WORK ITEM: Nothing but a verbatim copy of the data, minus the images, should be returned.

SOURCE MATERIAL:
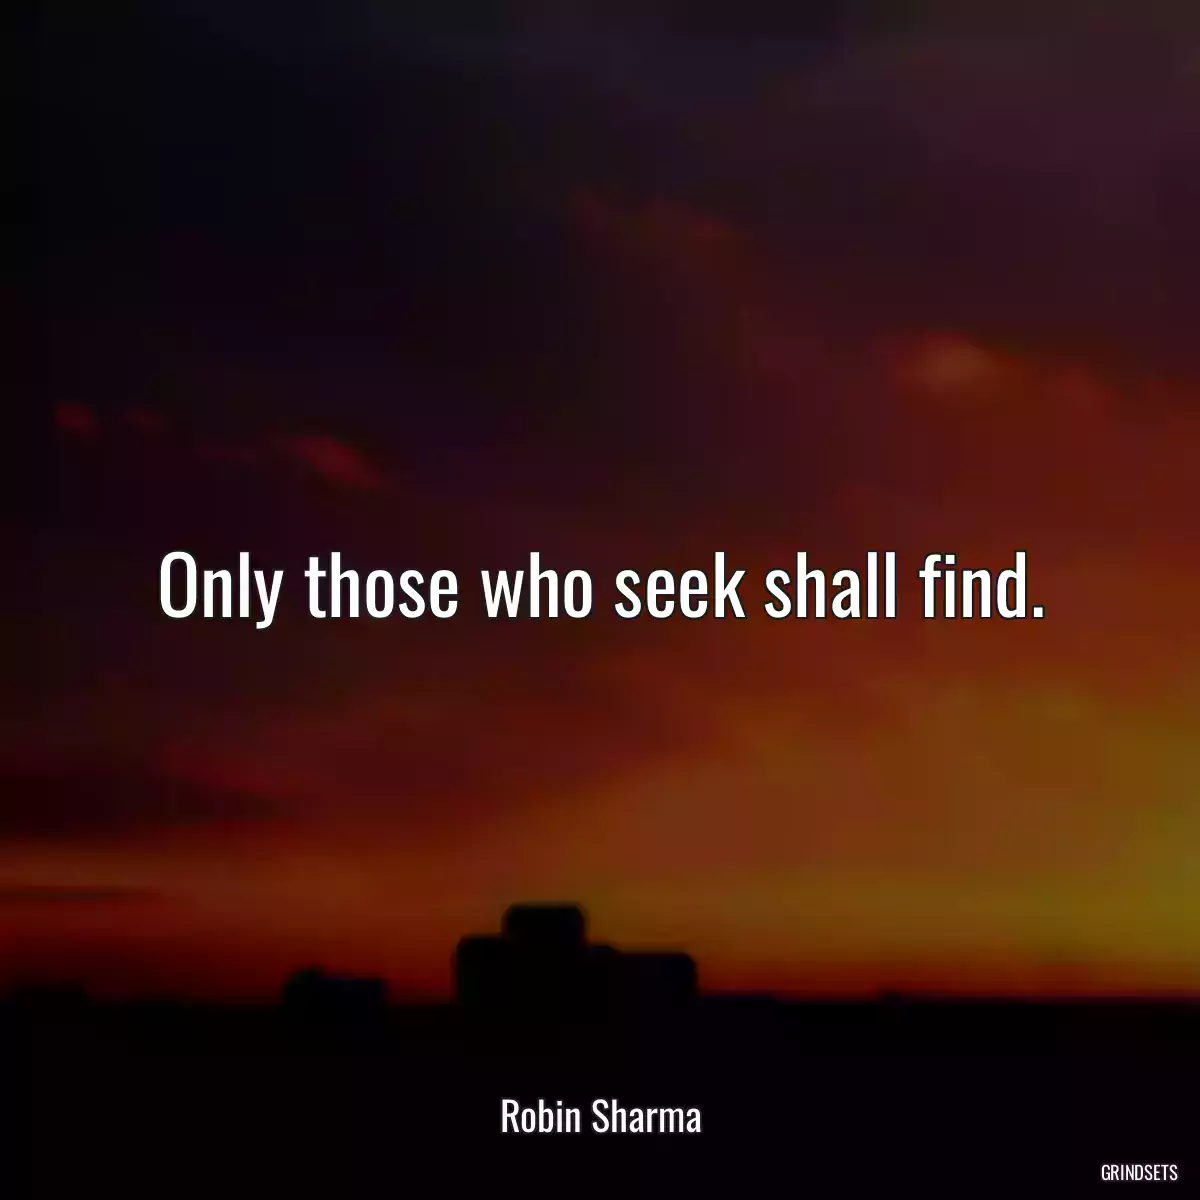 Only those who seek shall find.
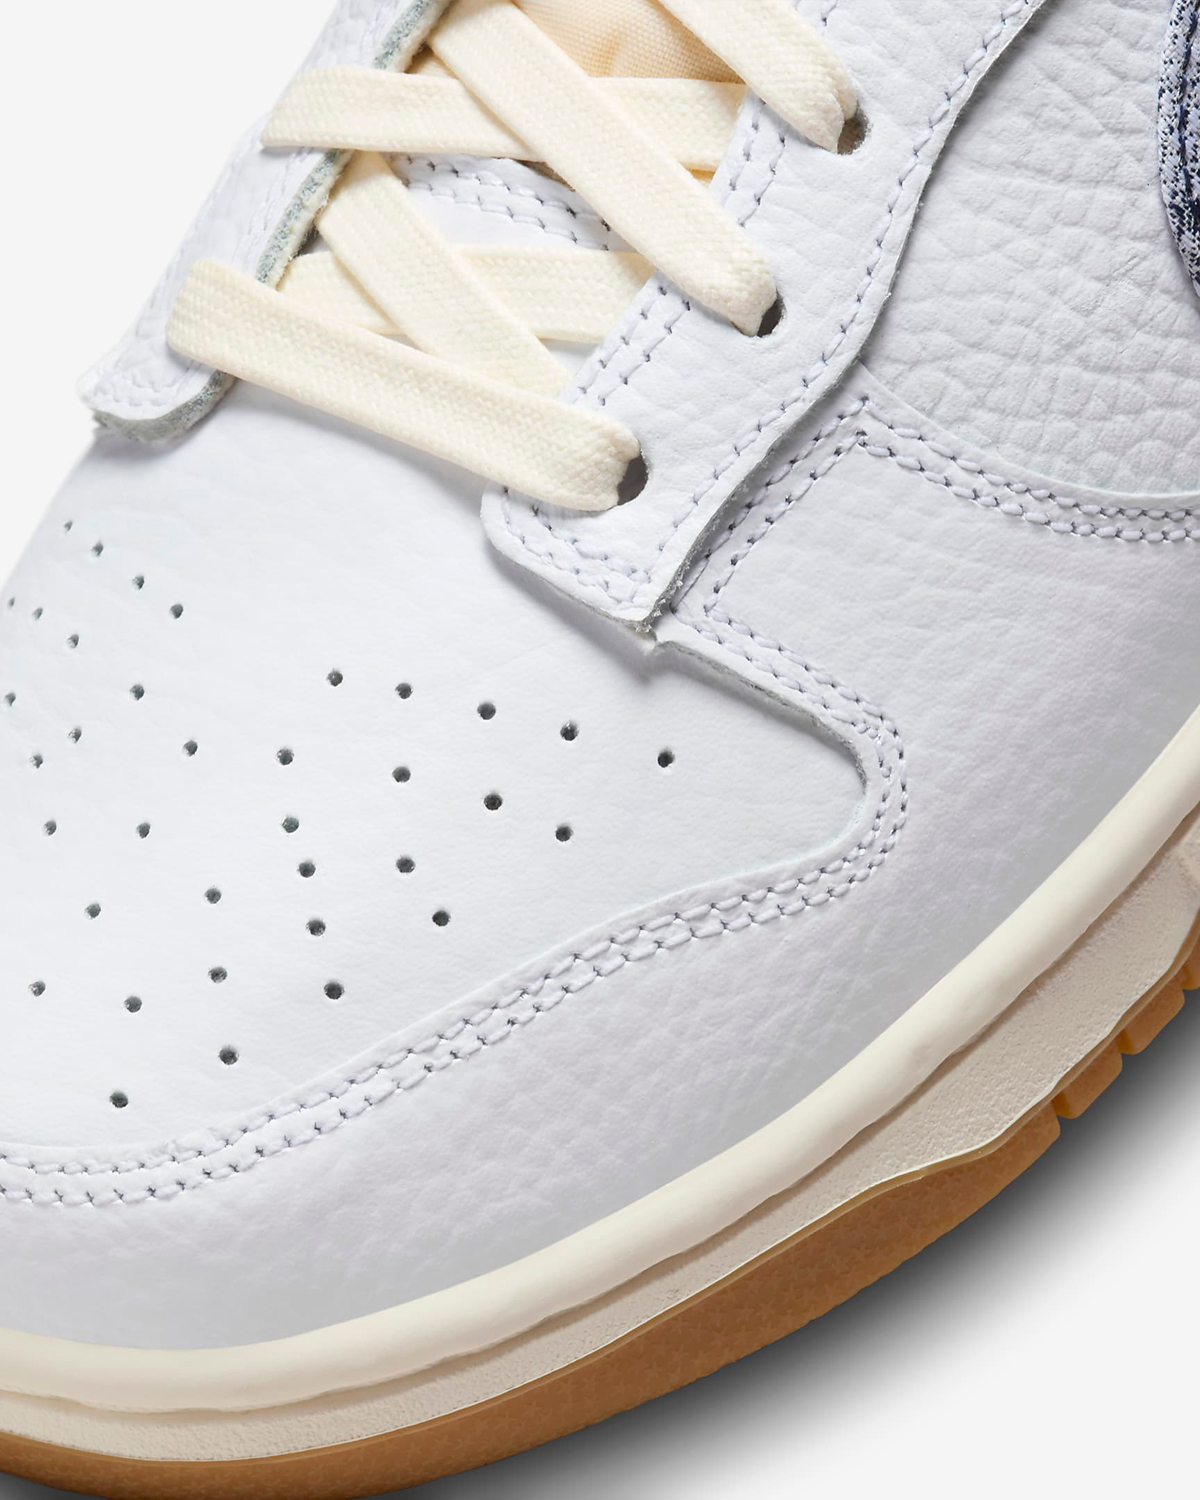 Nike-Dunk-Low-Washed-Denim-Release-Date-7
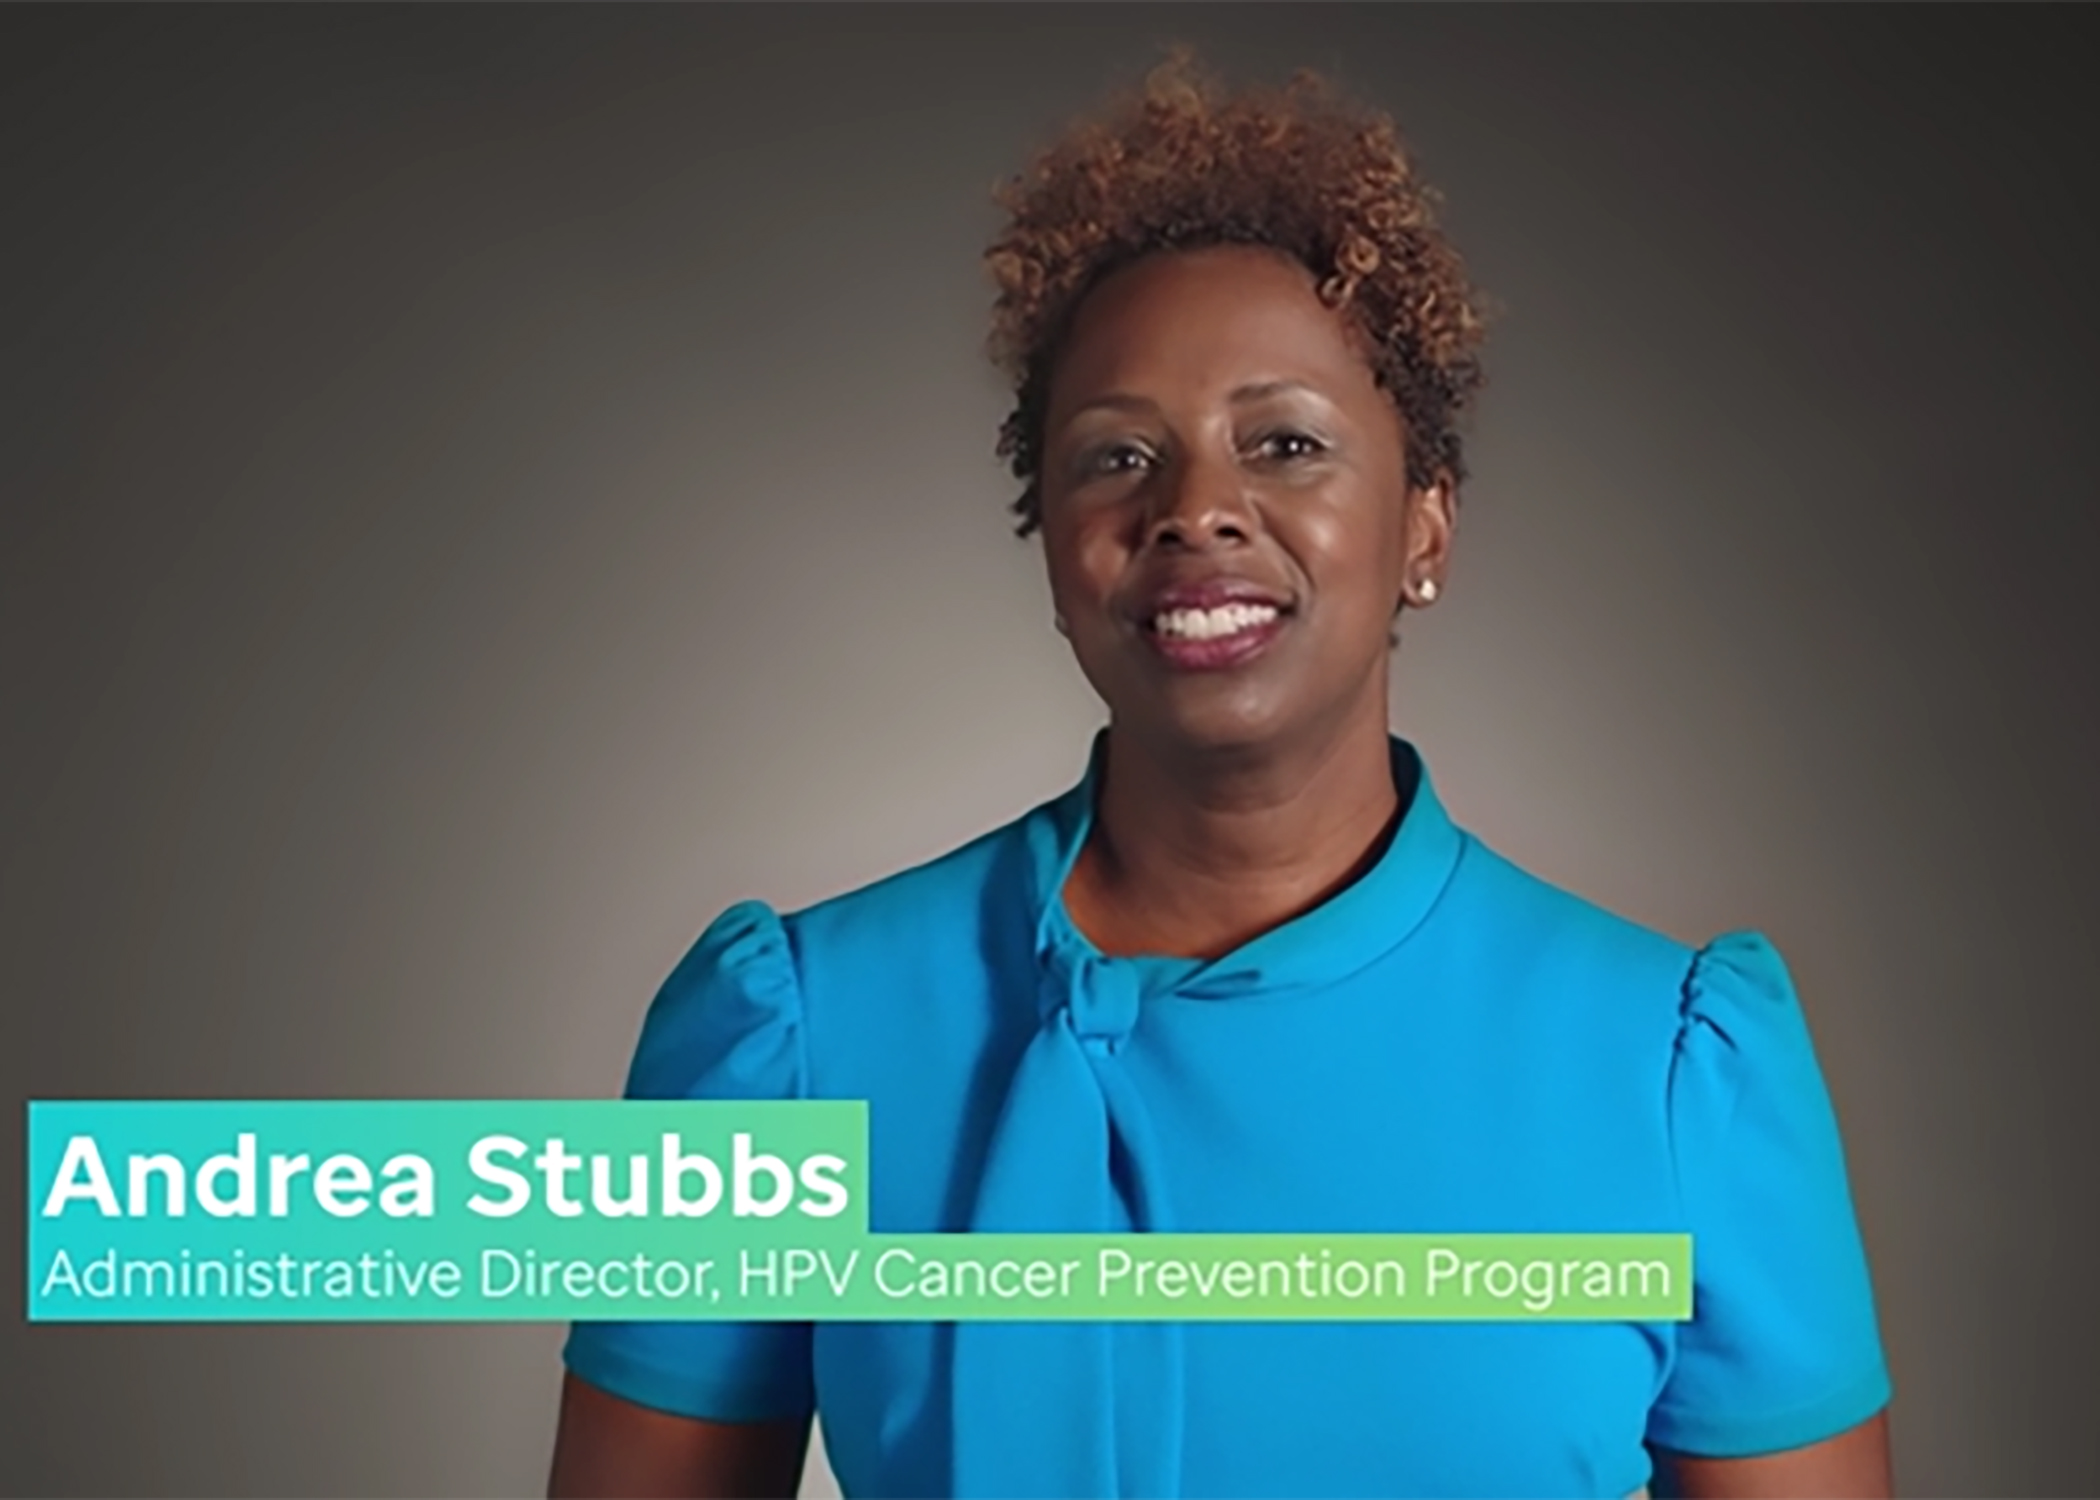 Andrea Stubbs, MPA, is administrative director of the St. Jude HPV Cancer Prevention Program. Here she discusses how St. Jude hopes to improve community health by promoting the safety and efficacy of the HPV vaccine.

ANSWER TO THE EXERCISE:
 Only those who seek shall find.
 Nike-Dunk-Low-Washed-Denim-Release-Date-7
 Andrea Stubbs, MPA, is administrative director of the St. Jude HPV Cancer Prevention Program. Here she discusses how St. Jude hopes to improve community health by promoting the safety and efficacy of the HPV vaccine.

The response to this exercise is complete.